According to Arthur, the economy developed muscles with the Industrial Revolution, and now it is developing a neural system through the digital revolution, which may be more important, "a deep qualitative change that is bringing intelligent, automatic response to the economy. There's no upper limit to this, no place where it has to end," he writes, though he says he is not talking science fiction or singularity or about cyborgs.

He predicts that barring war or pestilence the story of the rest of the century will be the growth of the second economy, "an unseen underground economy that is basically giving us intelligent reactions to what we do above the ground" and creating a different world. He forecasts that in 15 years time driving in Los Angeles, "likely it'll be in a driverless car in a flow of traffic where my car's in conversation with cars around it that are in conversation with general traffic and my car."

But hold it there. The world is not quite as advanced as Arthur thinks. Just to take his airport experience, every time that I travel to or from the United States, the check-in machines demand that I report to a human to check my passport. And of course, while some check-in staff have been got rid of, passengers have to face an army of insecurity staff, who seem determined to prove that they are more incompetent than machines. The latest absurd event recently in the U.S. involved TSA agents confiscating a cupcake from a teacher claiming that its icing might be explosive.

Arthur does not consider some of the awkward potential problems of the digital economy. What happens if the systems suffer from a glitch, or power failure? And what about the potential not just for gremlins but for evil humans to take over the system and distort or pervert it?

What about the interface or encounters between the digital world of developed countries, and of course fast-growing Asia, which Arthur omits to mention — how blind Americans are — and those still living in a muscle-powered economy?

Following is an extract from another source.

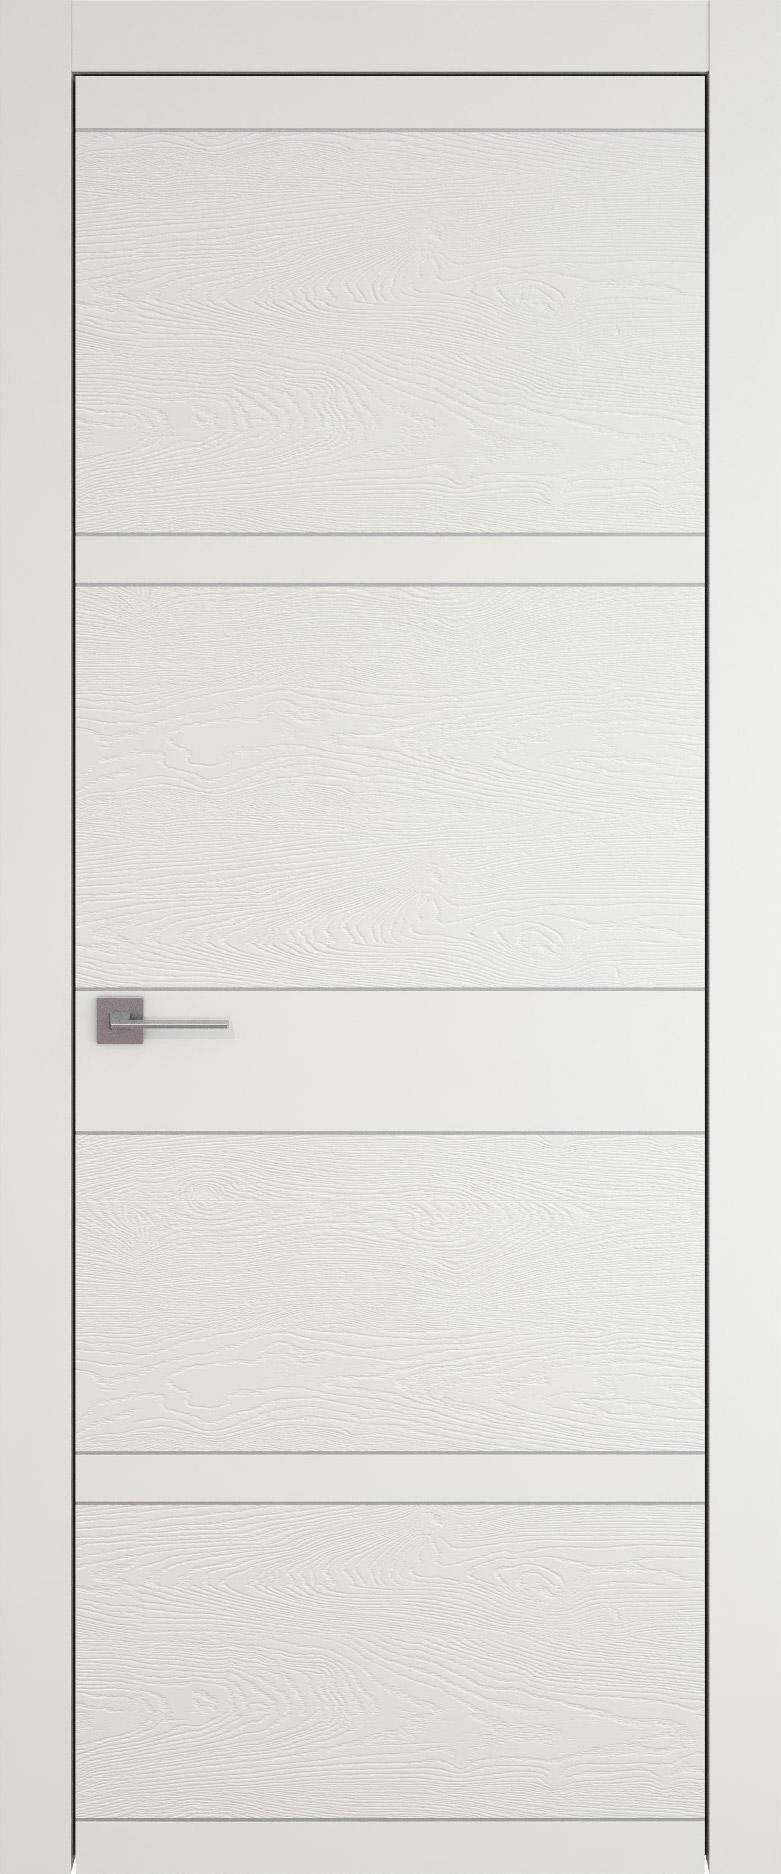 Tivoli Е-2 цвет - Бежевая эмаль-эмаль по шпону (RAL 9010) Без стекла (ДГ)

Even assuming he is right and we can trust the power supplies, the intelligence and the good will of the humans dealing with the intelligent underground economy, and can spread the benefits of the digital revolution throughout the planet, there is still a major challenge, one that Arthur admits.

He notes that large numbers of jobs, from paralegals, draftsmen, telephone operators, typists to bookkeepers, are disappearing. For the moment, muscle is still required to lug bags onto the aircraft, and jobs requiring judgment and management and human interaction, and security, are still needed. "But the primary cause of all the downsizing we've had since the mid-1990s is that a lot of human jobs are disappearing into the second economy. Not to reappear."

When farms jobs disappeared, new opportunities came from manufacturing; when manufacturing began to shrink, there was the service sector, but, says Arthur, "With this digital transformation, this last repository of jobs is shrinking and we face a problem. ... The main challenge of the economy is shifting from producing prosperity to distributing prosperity."

This is easier said than done, not least because it means confronting the Big Myth that is becoming the Great Lie of the right, that rich people are the most important to the economy because they produce jobs.